◆ Stored data ◆
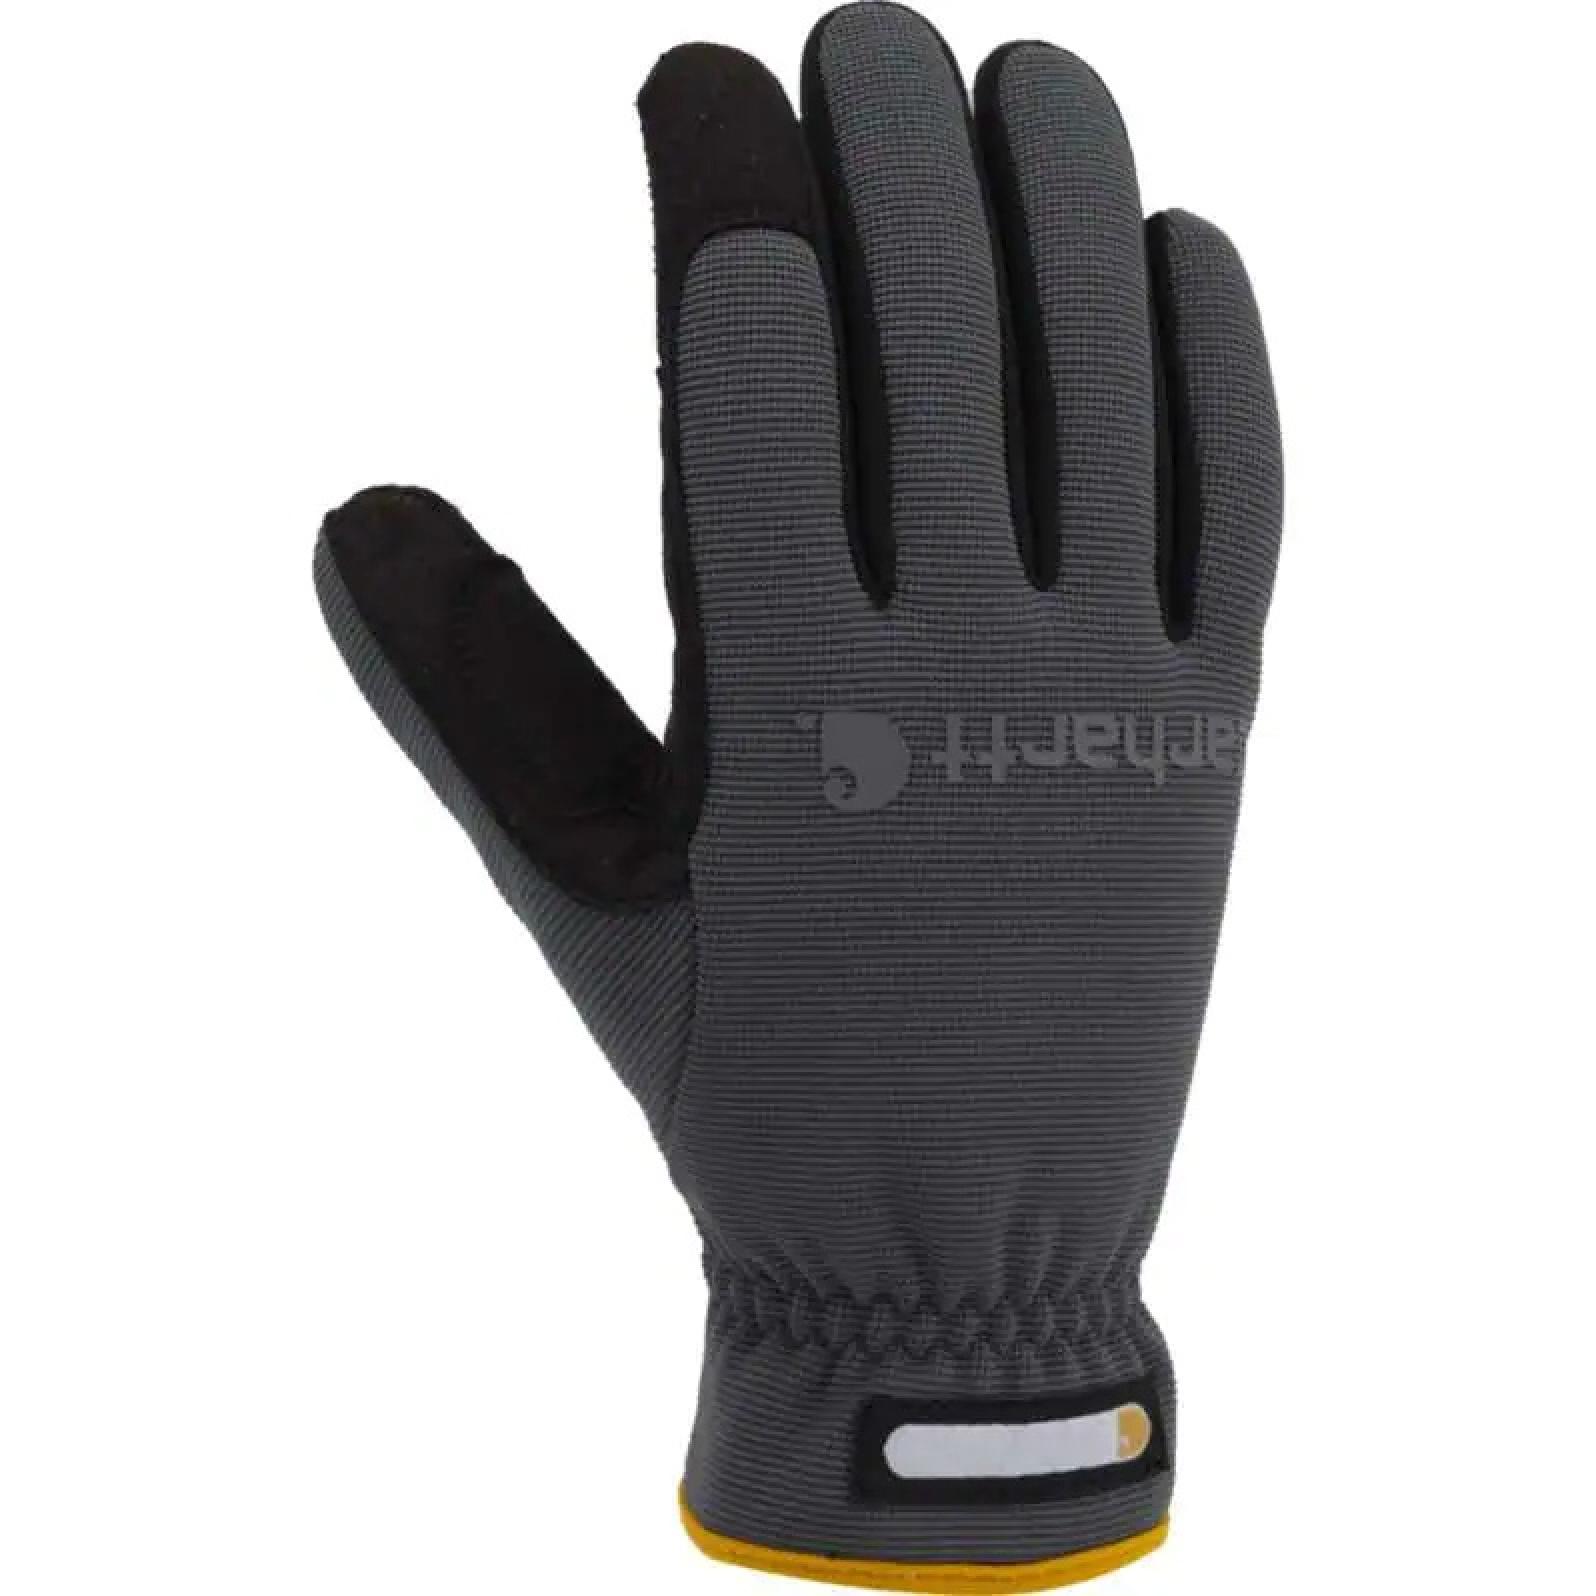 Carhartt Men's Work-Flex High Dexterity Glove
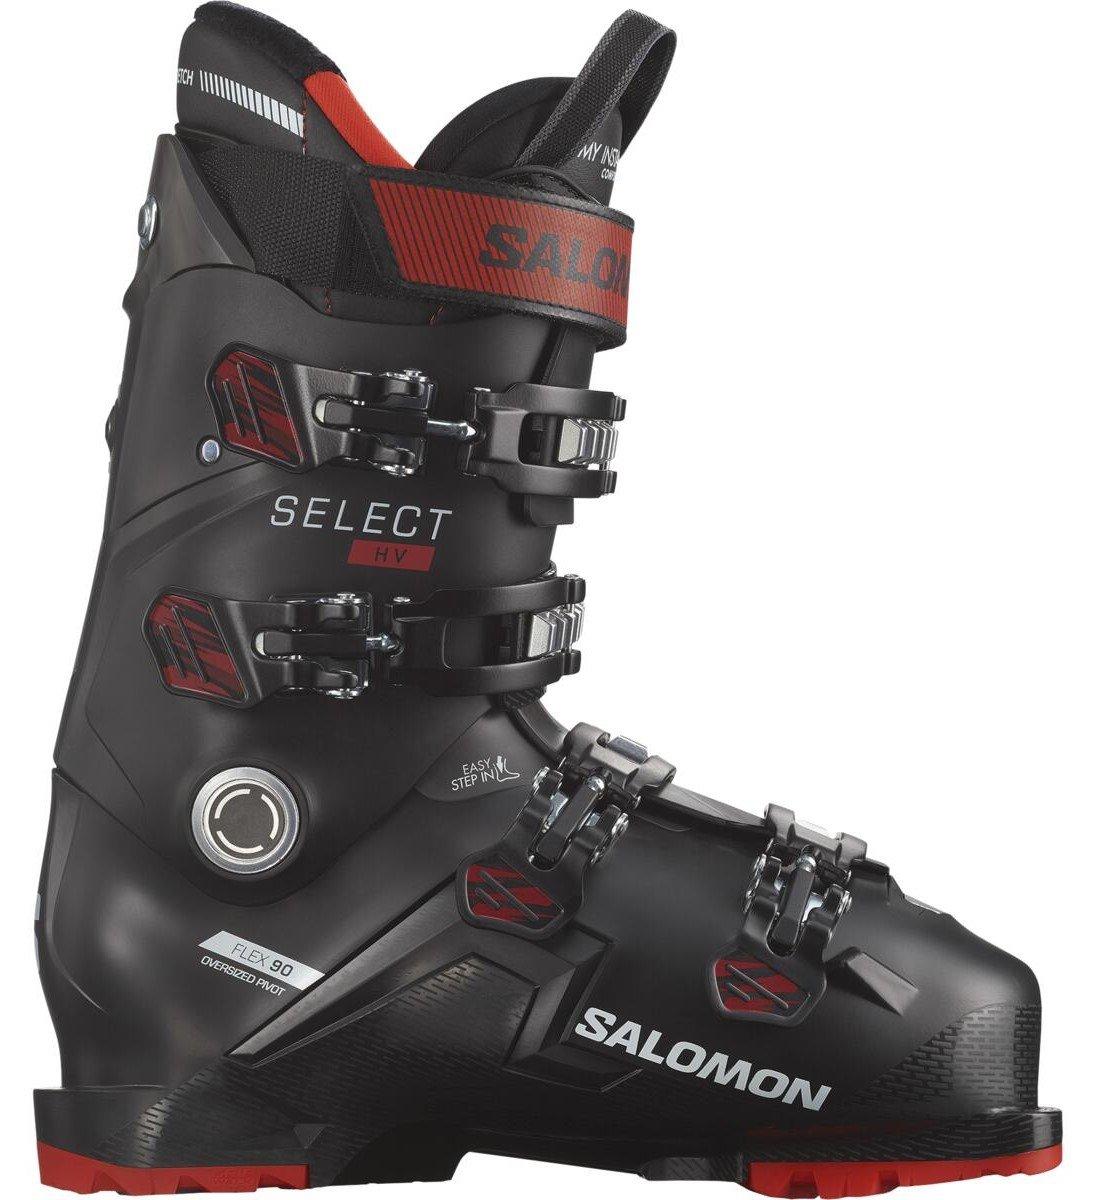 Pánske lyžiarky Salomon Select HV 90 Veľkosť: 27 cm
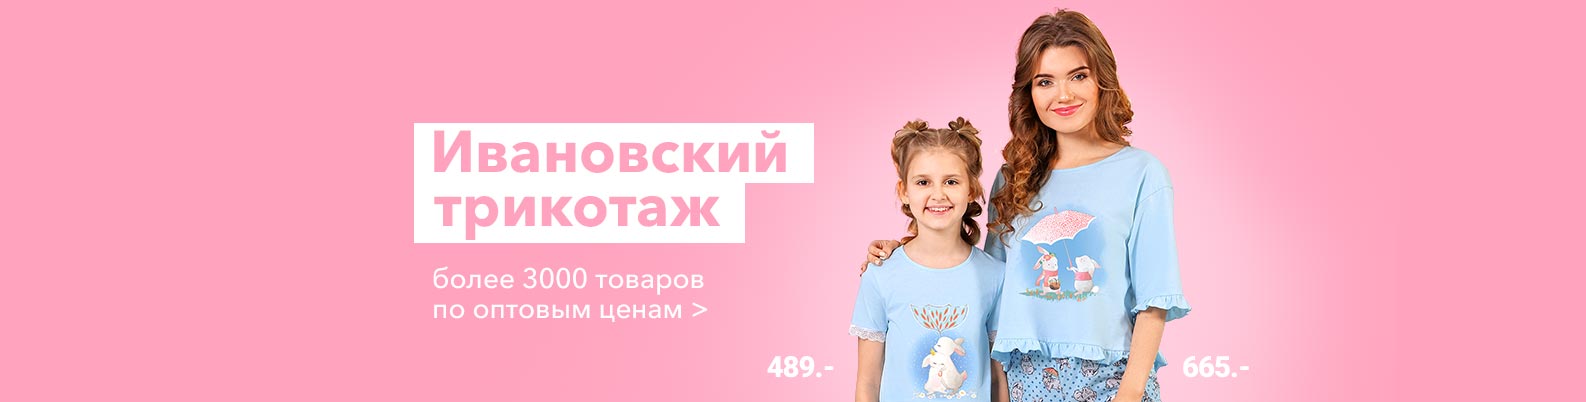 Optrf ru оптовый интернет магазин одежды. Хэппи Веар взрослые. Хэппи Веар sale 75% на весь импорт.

◆ Exercise requirements ◆
Print the entire listing above verbatim. No picture should be included.

◆ Response below ◆
 Carhartt Men's Work-Flex High Dexterity Glove
 Pánske lyžiarky Salomon Select HV 90 Veľkosť: 27 cm
 Optrf ru оптовый интернет магазин одежды. Хэппи Веар взрослые. Хэппи Веар sale 75% на весь импорт.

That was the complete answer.